Verifying Ito isometry for simple stochastic processes

It is known that stochastic integral must satisfy the isometry property which is $$ \mathbb{E}\left[ \left( \int_0^T X_t~dB_t\right)^2 \right] = \mathbb{E} \left[ \int_0^T X^2_t~dt \right] . $$ I am trying to prove this property for a simple stochastic process. What I said so far that is $$ \mathbb{E}\left[\sum_{i=0}^{n-1} X_i \left(B(t_{i+1})-B(t_i)\right)\right]^2, $$ then I am stuck. I know that we should to write the square sum as double sum to continue the proof but I couldn't do it. Any help please!

I take it that a simple process is a process of the form $$ Y_t=\sum_{i=0}^{n-1} X_i 1_{]t_i,t_{i+1}]}(t),\quad t\geq 0, $$ where $0\leq t_1<t_2<\cdots < t_n$ and $X_i$ is a bounded $\mathcal{F}_{t_i}$-measureable variable. Now we need the following result.

For every simple process $Y=(Y_t)_{t\geq 0}$ the process
$$ \left(\left(\int_0^t Y_s\;\mathrm{d}B_s\right)^2 -\int_0^t Y_s^2\;\mathrm{d}s\right)_{t\geq 0} $$ is a martingale which is $0$ at $0$.

By taking expectation this shows the desired property.

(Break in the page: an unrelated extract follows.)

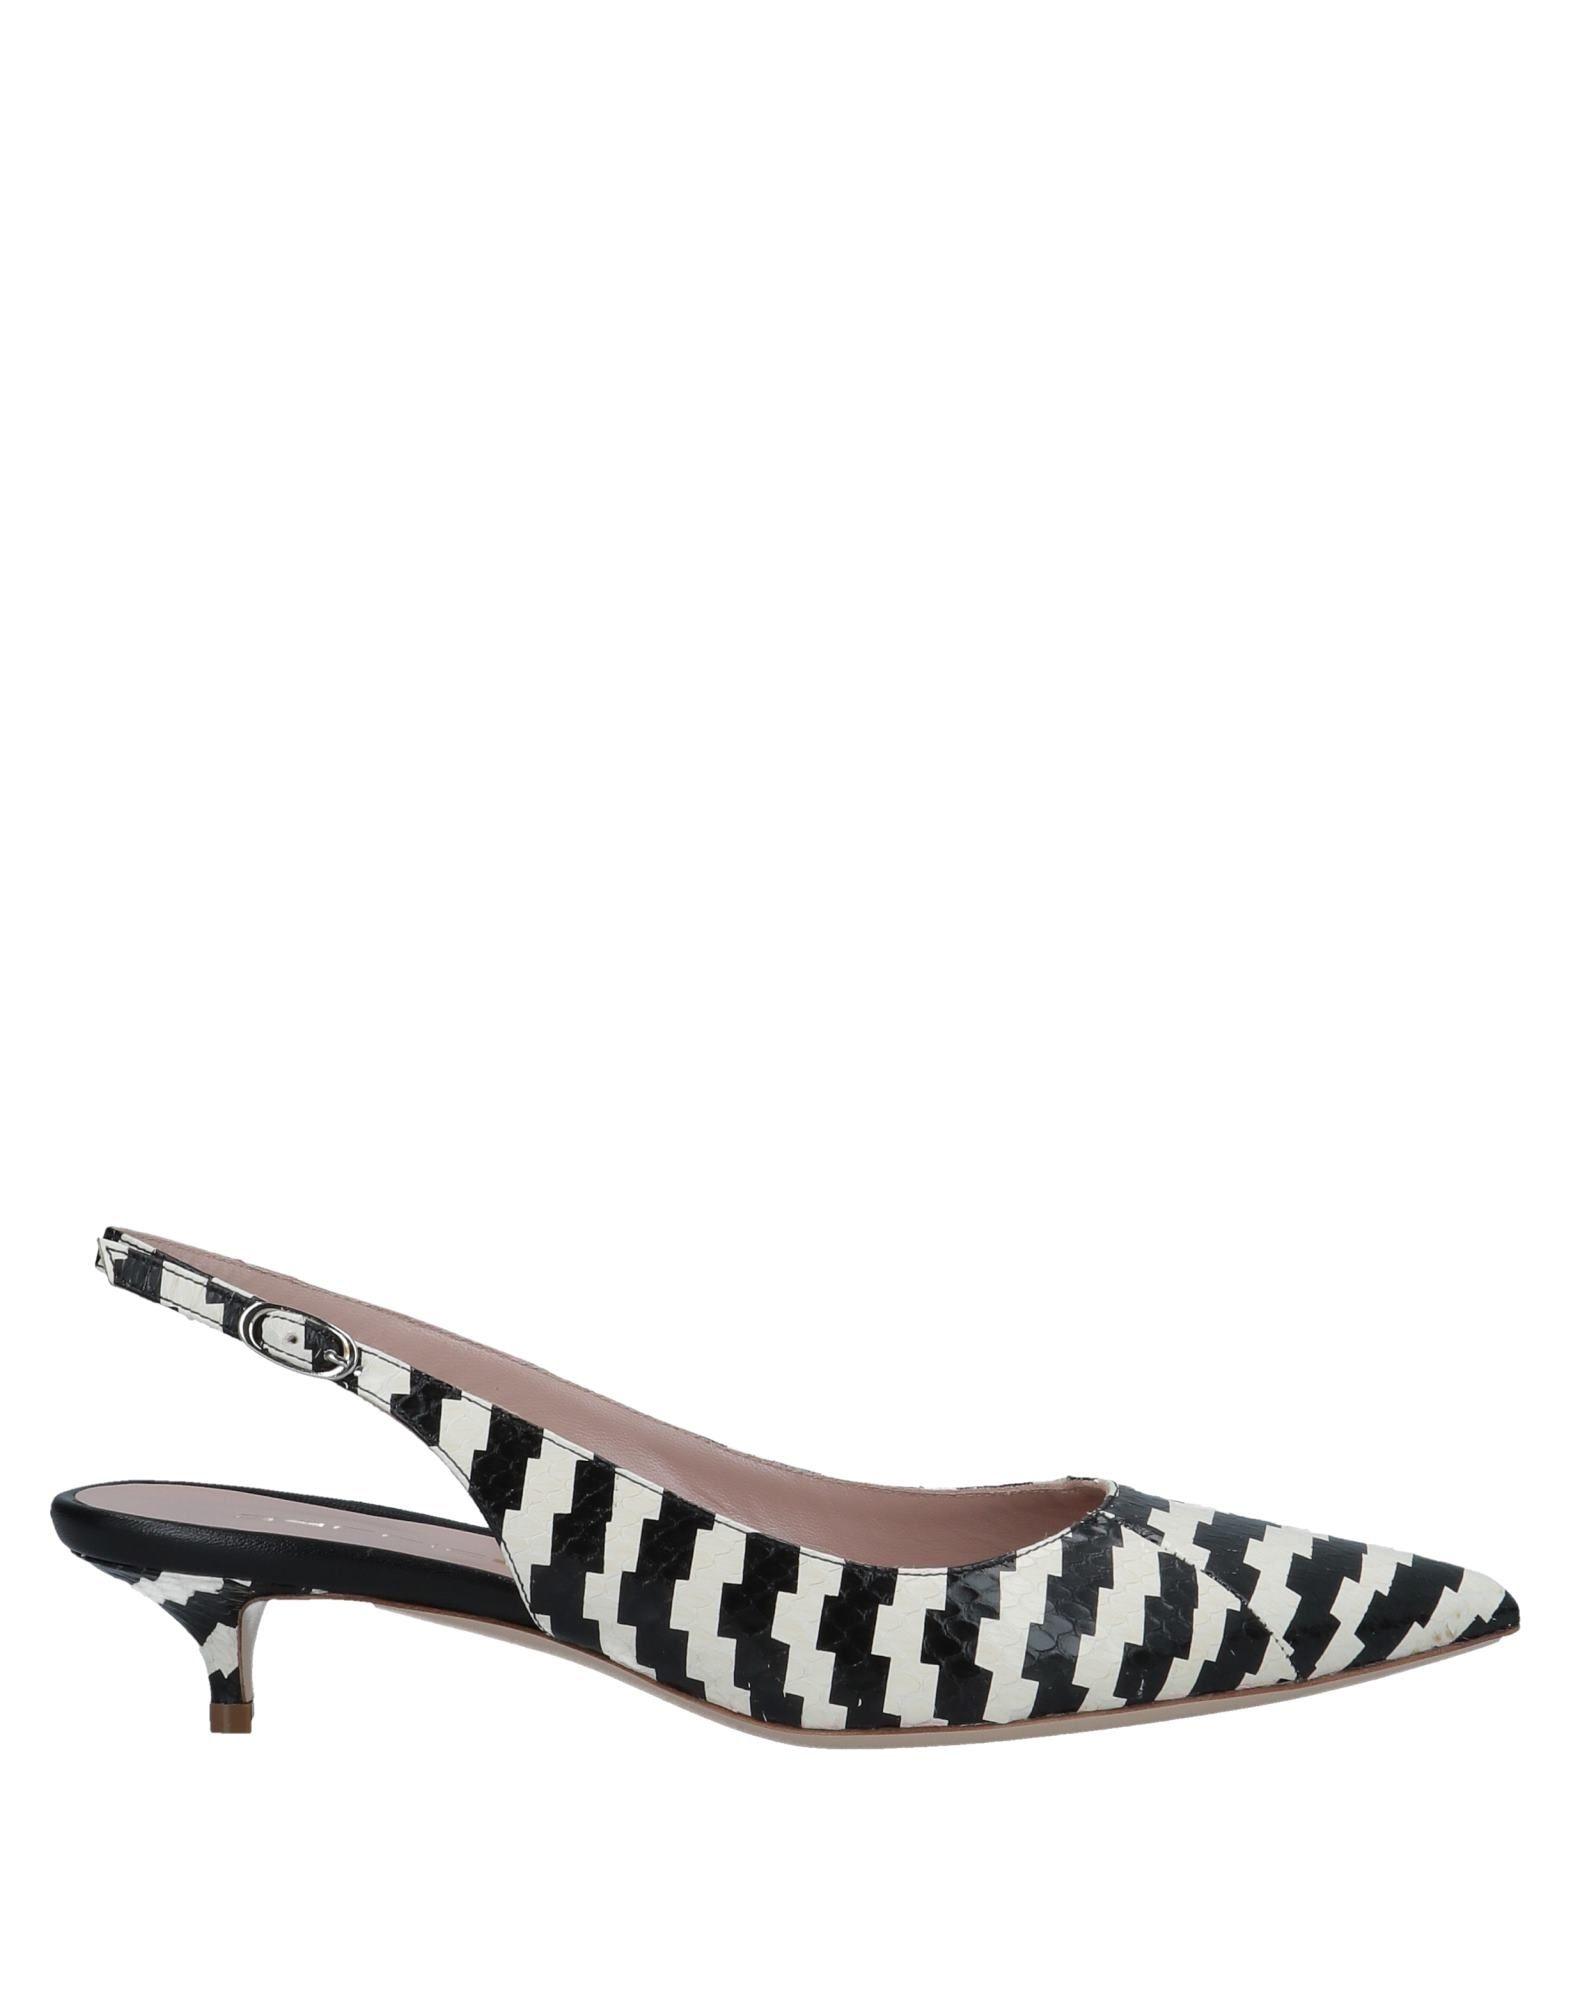 Mocassino Mot-Clè offerte Donna - 11487272KP Nuove offerte Mot-Clè e scarpe comode 81dd51

If you don't know the above result you can just prove it. Here it is useful to note that when $Y=(Y_t)_{t\geq 0}$ is a simple process, then $Y^2=(Y_t^2)_{t\geq 0}$ is also a simple process which satisfies $$ Y_t^2=\sum_{i=0}^{n-1} X_i^2 1_{]t_{i},t_{i+1}]},\quad t\geq 0. $$